Other tools to explore conformational heterogeneity from a cryo-ET dataset exist (Bharat and Scheres, 2016; Harastani et al., 2021; 2022; Himes and Zhang, 2018). However, they each rely on some degree of imposed prior knowledge, either in the form of “mass conservation” to describe continuous changes from a consensus structure, which is often derived from a provided atomic model (Harastani et al., 2021; 2022); assumptions of linear relationships between structures (Himes and Zhang, 2018); or the assertion that a small number of discrete structures exist (Bharat and Scheres, 2016). In contrast, the cryoDRGN/tomoDRGN approaches provide a greater degree of generality that we have found enables largely unsupervised learning of highly complex combinations of compositional and continuous conformational heterogeneity. Given the extent of structural heterogeneity observed with cryoDRGN in single particle datasets using purified samples (Sekne et al., 2022; Vasyliuk et al., 2022), we expect tomoDRGN to uncover similar structural variation within a rapidly expanding set of samples imaged in situ with cryo-ET.

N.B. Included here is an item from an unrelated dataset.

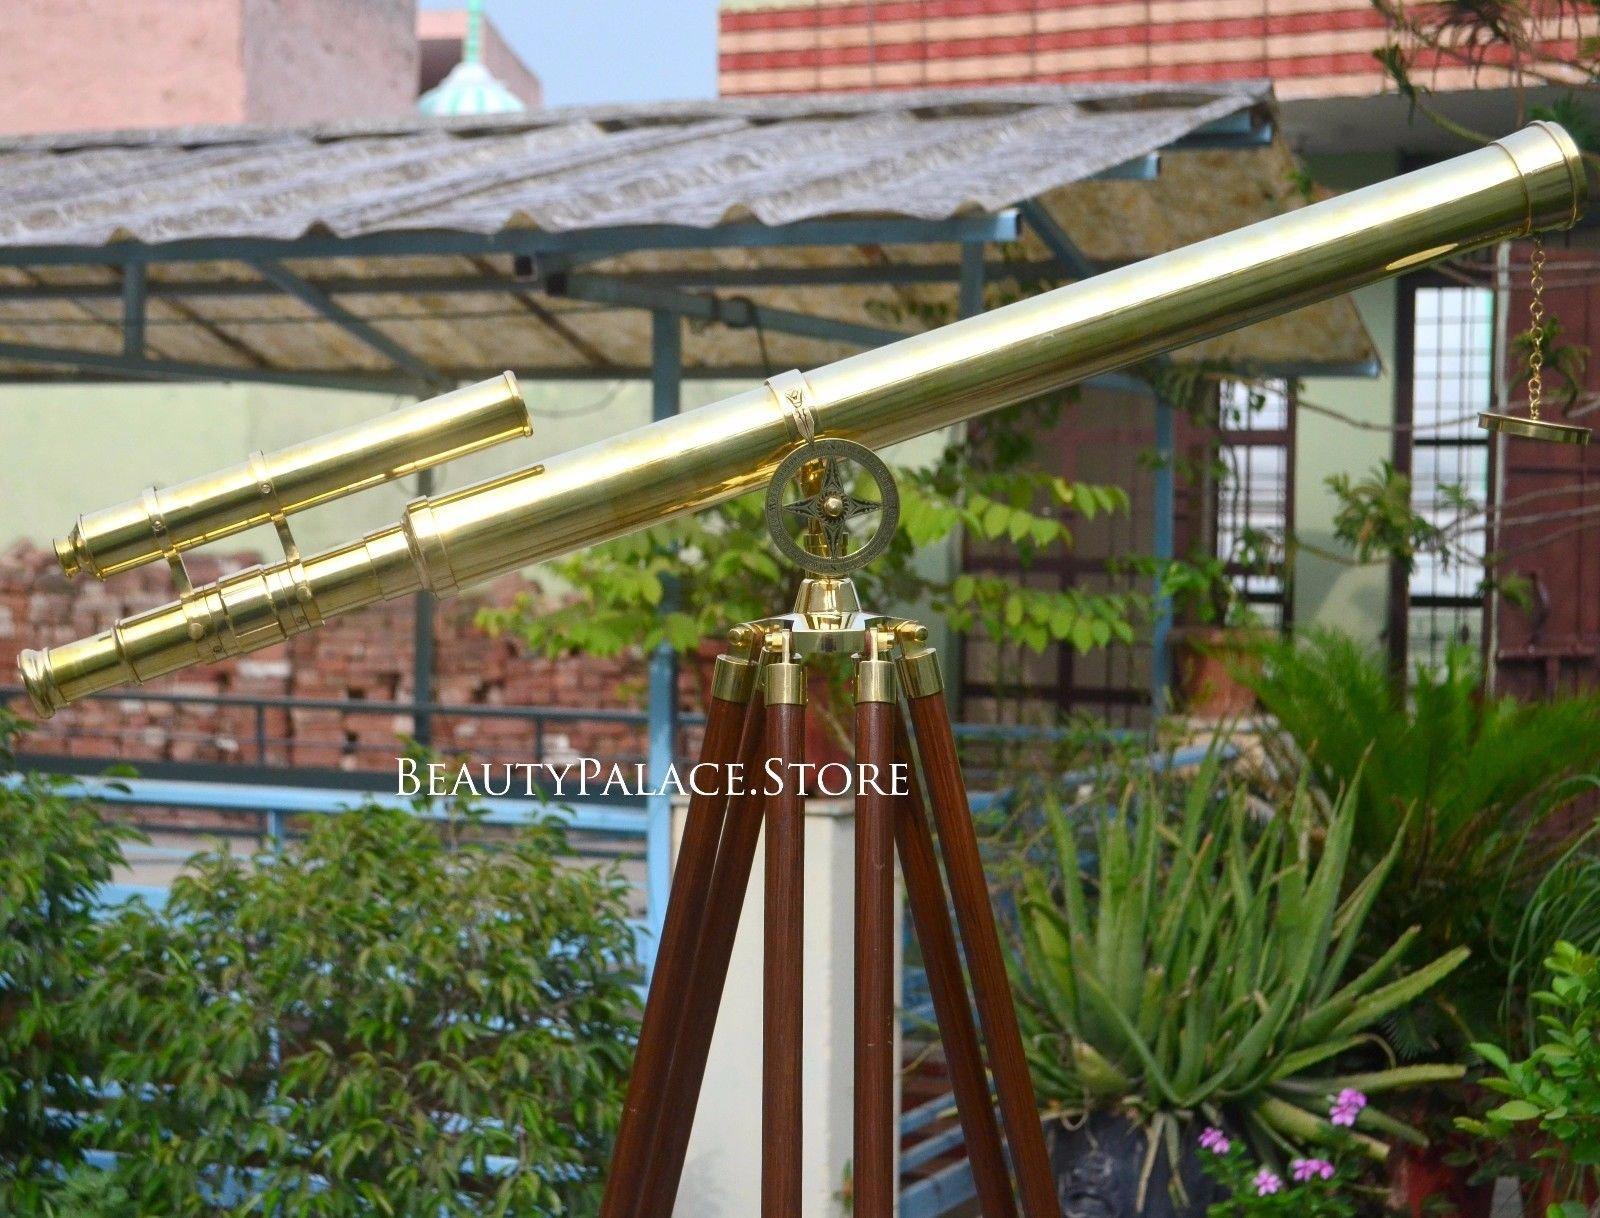 Maritime Telescope Beautiful Brass Double Barrel Nautical Telescope 62'' High On Wooden Tripod Handcrafted

In addition to characterizing the structural heterogeneity of isolated particles, we expect that tomoDRGN’s ability to reanalyze particle stacks at different spatial scales (i.e., different real space box sizes) will prove widely useful in correlating intramolecular structural changes with structural variability in areas adjacent to the particle (Fig. 6). For example, when analyzing isolated ribosomal particles in EMPIAR-10499, we identified a set of particles decoding EF-Tu•tRNA and, when analyzing particles in a larger spatial context, we found a set of ribosomes associated with the cell membrane. A straightforward comparison enabled calculating the co-occurrence of these properties, revealing that approximately 13% of the membrane-associated ribosomes also appear to be decoding EF-Tu•tRNA. Of particular note, tomoDRGN allows us to generate a unique 3-D volume corresponding to each particle’s latent embedding. We anticipate this approach will allow researchers to populate low SNR tomograms with particle-specific density maps at approximately nanometer resolution and to explore the resultant spatial distributions of heterogeneous structures.

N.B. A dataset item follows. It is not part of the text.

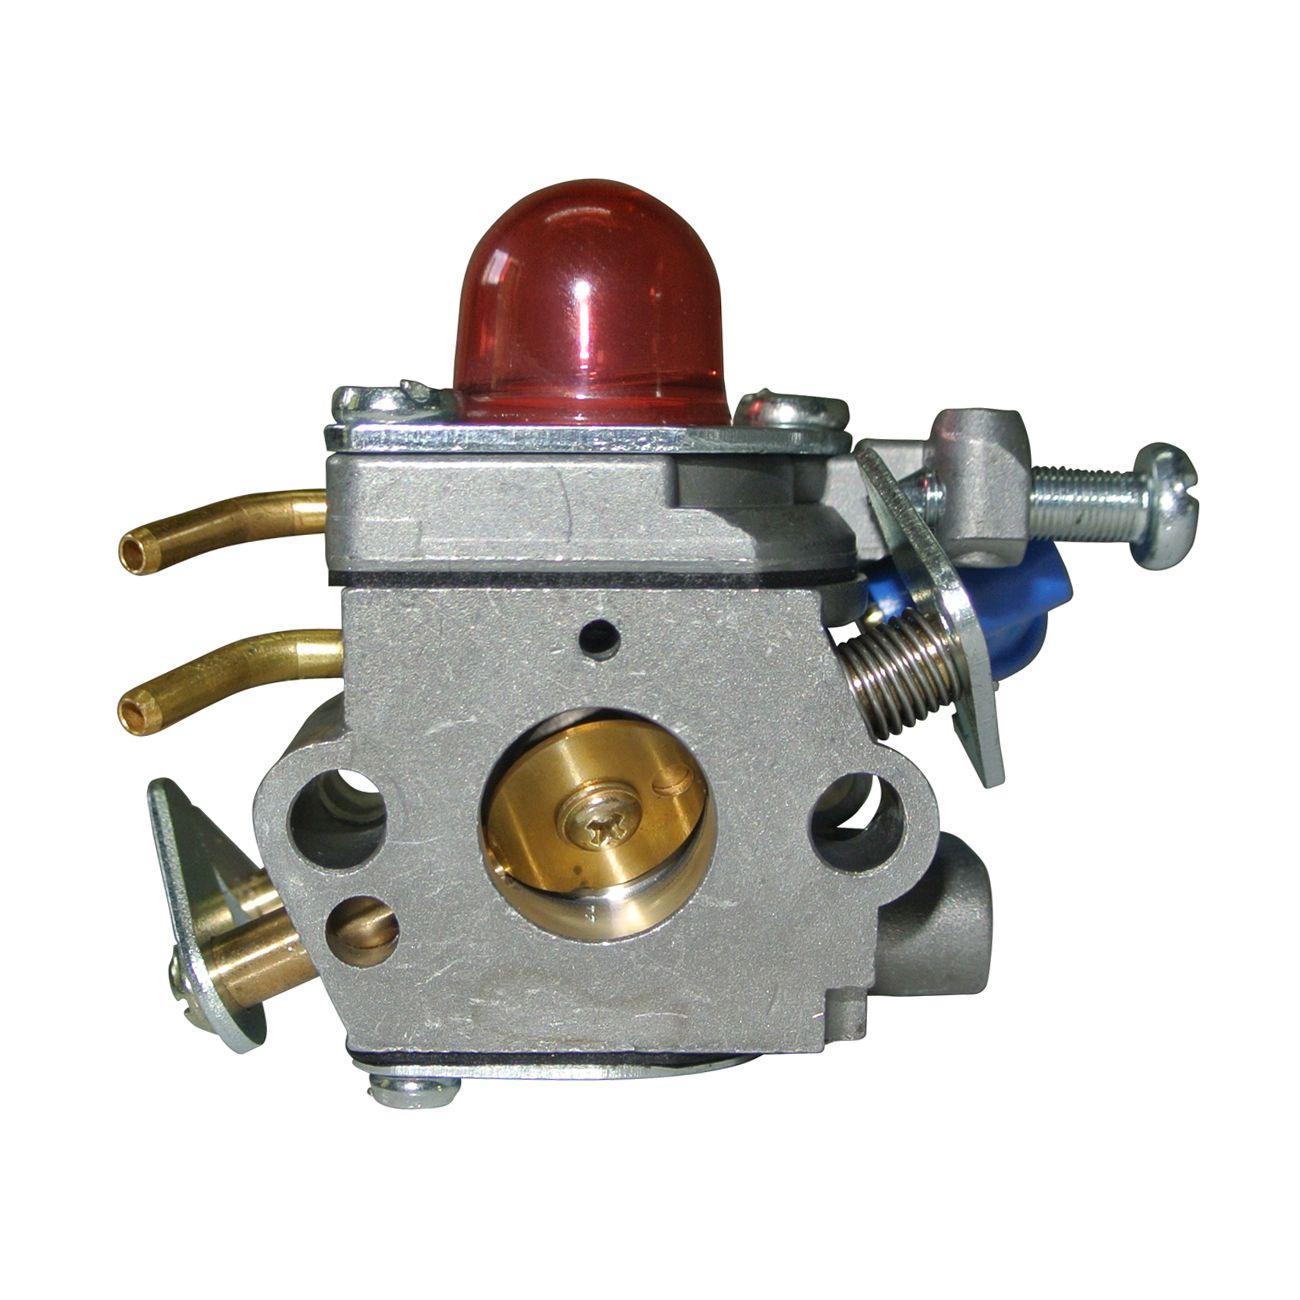 NEW Carburetor For Husqvarna 124L 124C 125C 125E 125L 125LD 128CD 128LDX 128DJX

Figure 6: TomoDRGN visualizes structurally heterogeneous macromolecular complexes with spatial context.

Figure 6:

(a) Ribosomes from one EMPIAR-10499 tomogram rendered in ChimeraX. Volumes were generated for each ribosome using tomoDRGN and colored according to the intramolecular latent classification shown in Fig. 4d, and positioned correspondingly within the reconstructed cell. Transparent ribosomes correspond to k=20 k-means classes not highlighted in Fig. 4d.

(b) Ribosomes from the same tomogram depicted in (a) rendered in ChimeraX. Volumes were generated for each ribosome and colored according to the intermolecular latent classification shown in Fig. 5a, and positioned correspondingly within the reconstructed cell. Transparent ribosomes correspond to k=20 k-means classes not highlighted in Fig. 5a.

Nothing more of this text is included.